Around the next jutting tooth of rock, Tanner saw a man of his early fifties, grey hair shot through with streaks of its original black and a beard of patchy stubble to match. Denrik Zayne took his ease on a flat rock shelf just high enough for his toes to reach the next ledge down. The pirate king’s uniform was a mocking homage to that of an Acardian commodore, less the Acardian crest and much of the embroidered accents. The uniform had seen better days, the whites stained yellow and smeared with black scorch marks and flecks of blood. The jacket was torn along the seam of one shoulder.
“Mr. Tanner, I am not amused,” said Zayne in a tone dry enough to parch Tanner’s soggy clothes. “Put down the sword and pistol, and we can talk.”
Tanner scratched his head a moment, then shrugged. “I’m sure Jadon could tear my Source out, armed or not. Why not?” He unbuckled both his sword belt and gun belt and laid them on the ground. Backing away from them, he found a suitable rock of his own and sat opposite the pirate.
“That thing of yours is a problem,” said Zayne. “He’s a rabid shark. Any of my crew that didn’t make it to the lesser islands is dead. If you help me put him out of his misery, we can deal.”
“Heads on platters always your opening bargain?” Tanner asked. “Listen, I got another world to worry about. You do too. To put my cards on the table, if it weren’t for Veydrus, I’d have just let the kid hunt you both down and be done with it. But it ain’t that simple. I let you kill Dan, he’s gonna put my twin’s skull in the bottom of his privvy if he even sniffs I was involved. I let him add you to that pile the other side of the ridge, Anzik has himself a tantrum and restarts the war. Sound about right?”
Zayne fixed him with a steady glare, chin resting on his clasped hands. “You have the general concept well in hand, I believe. You’ll just have to take care that he doesn’t suspect you.”
“Back out of that blind alley; I’m not following you in. I’ve got a way we all walk out of here alive. Well, not walk as such, but—”
“Mr. Tanner, you’re beginning to babble.”
“Right. Well, I’m traveling with the heiress of the Errol Company. We’ll get picked up in a few days, I imagine, when another ship comes to look for us. I’ll keep Dan from hunting you down—maybe you can even swim to one of the smaller islands to be safe—and get word to Stalyart. I can get word to him through Veydrus, and he can bring the Merciful down to rescue you.”

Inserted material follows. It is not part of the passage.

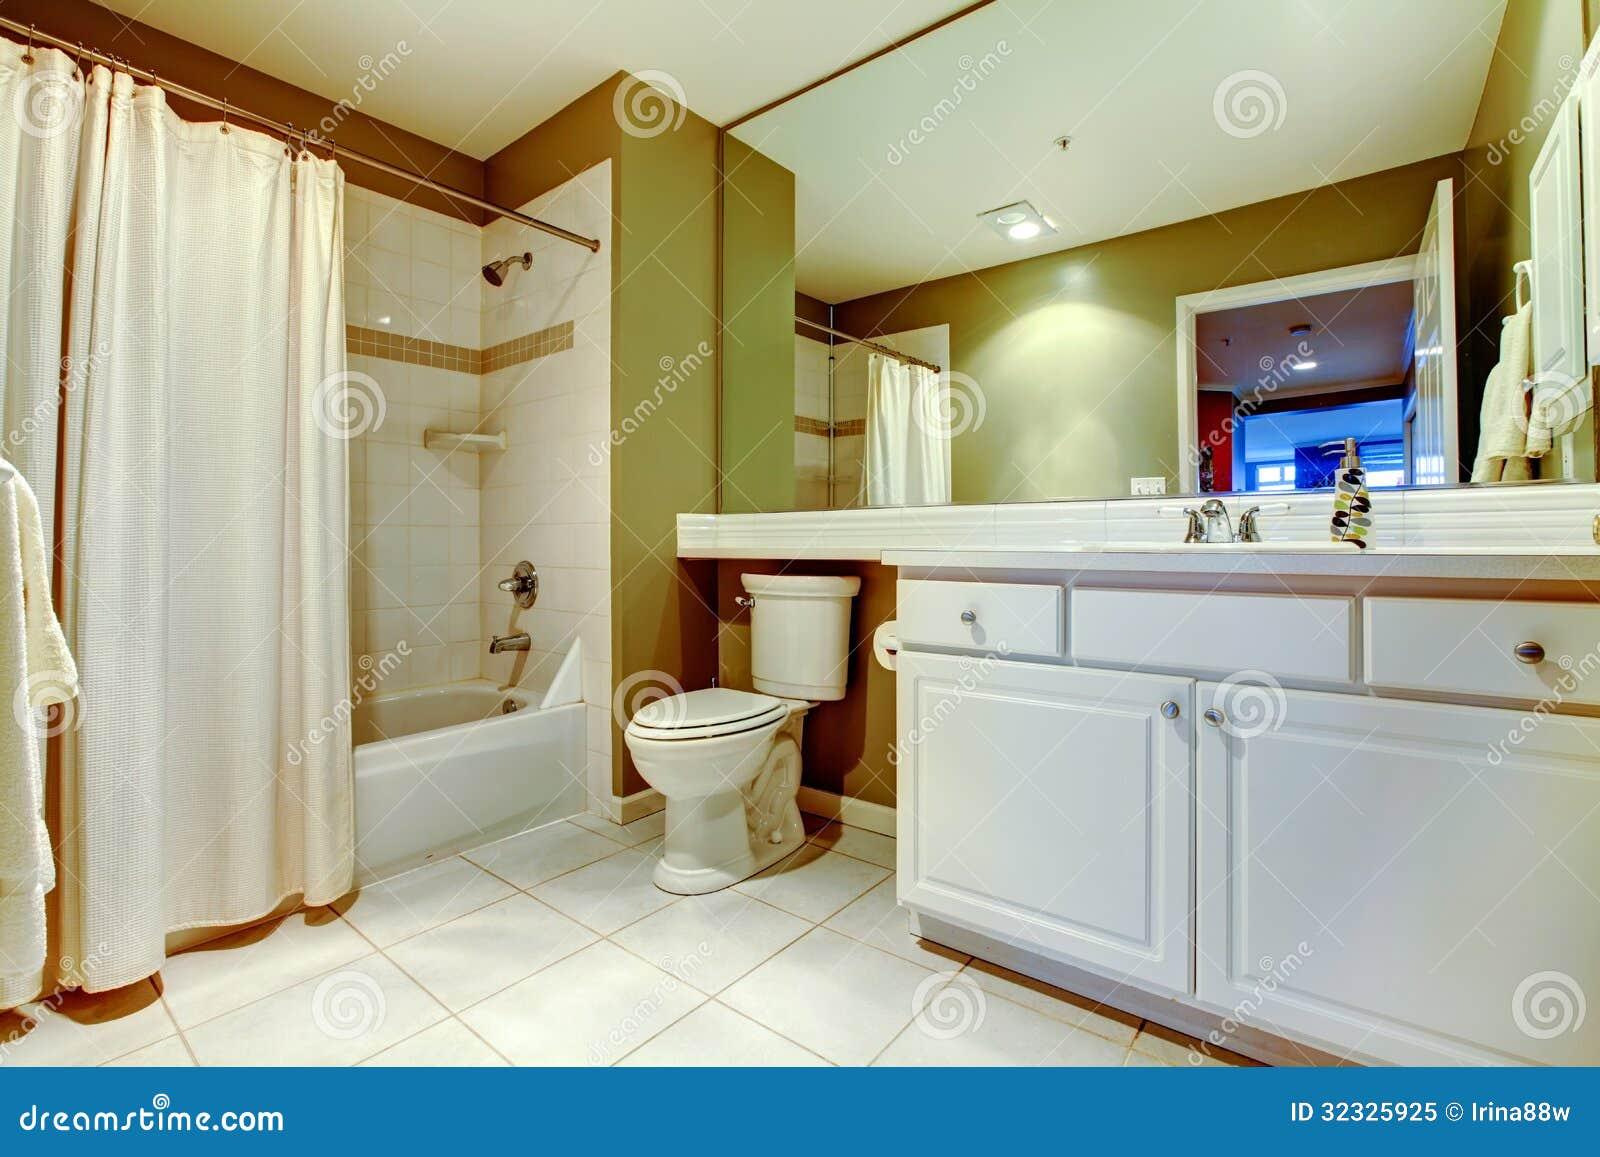 Vasca Da Bagno Con Tenda : Bagno verde e bianco con il lavandino e vasca con la tenda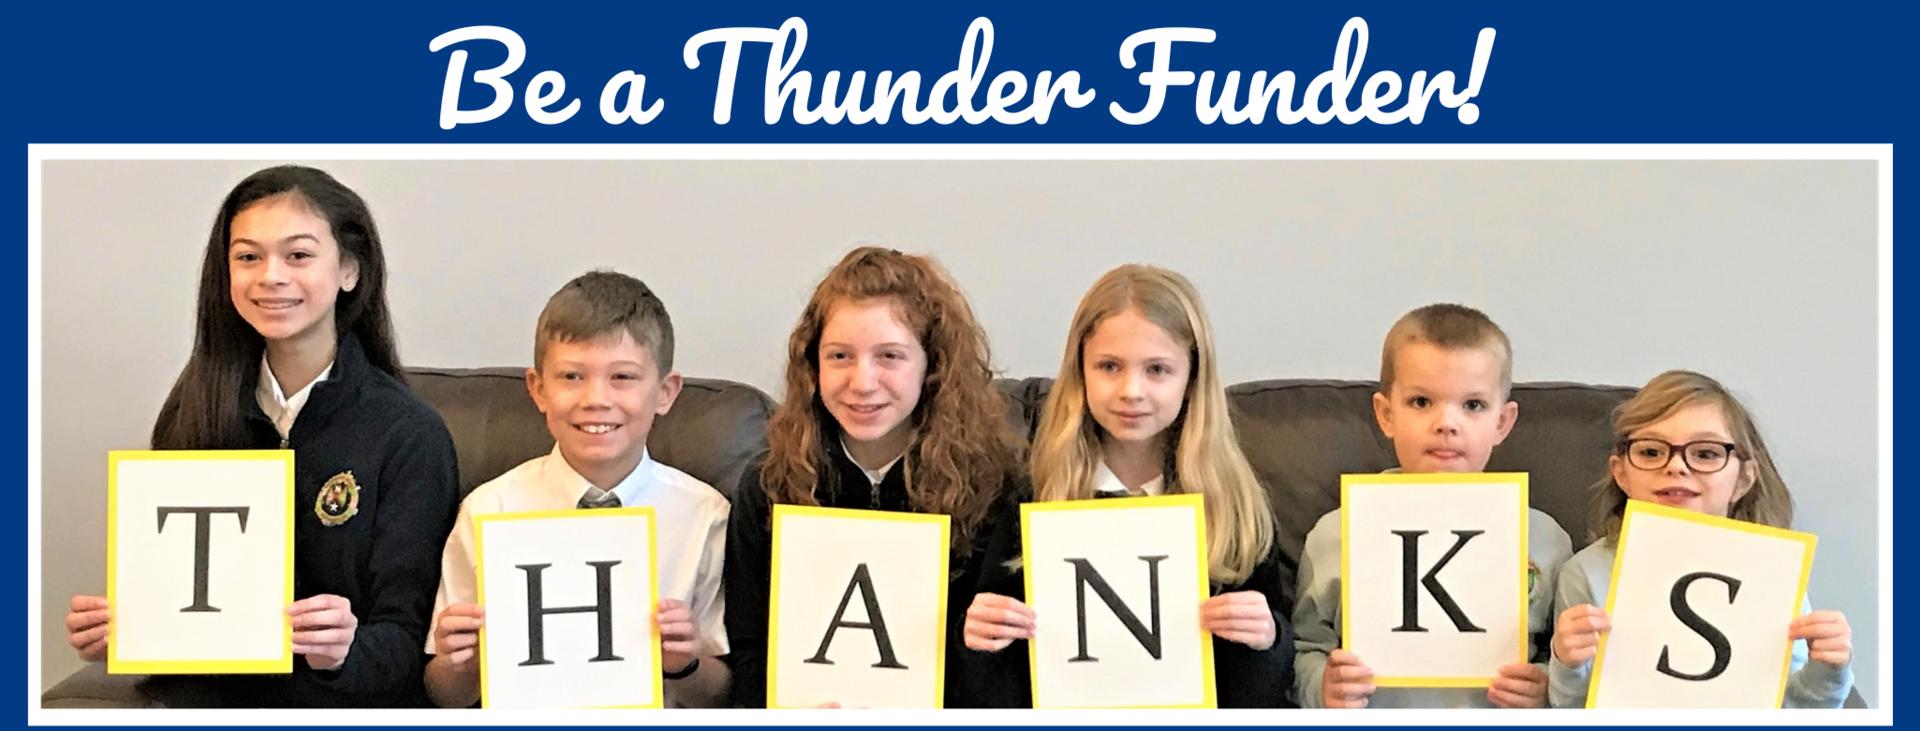 Thunder Funder

“You’ve still got the ear of that one,
do you? I never understood why he kept you around.”
“Never hurts to have connections,” said Tanner.
“Indeed. But what makes you so certain a ship will be looking for you? You can’t have been due in port for days yet, a week or more if you were heading up to that frozen cesspit of the Mad Tinker.”
“Twinborn. Mad Tinker and his daughter both. She’s together with him on the other side.”
Zayne frowned. “What are they, twinborn goblins? Is that where he cooks up those contraptions of his?”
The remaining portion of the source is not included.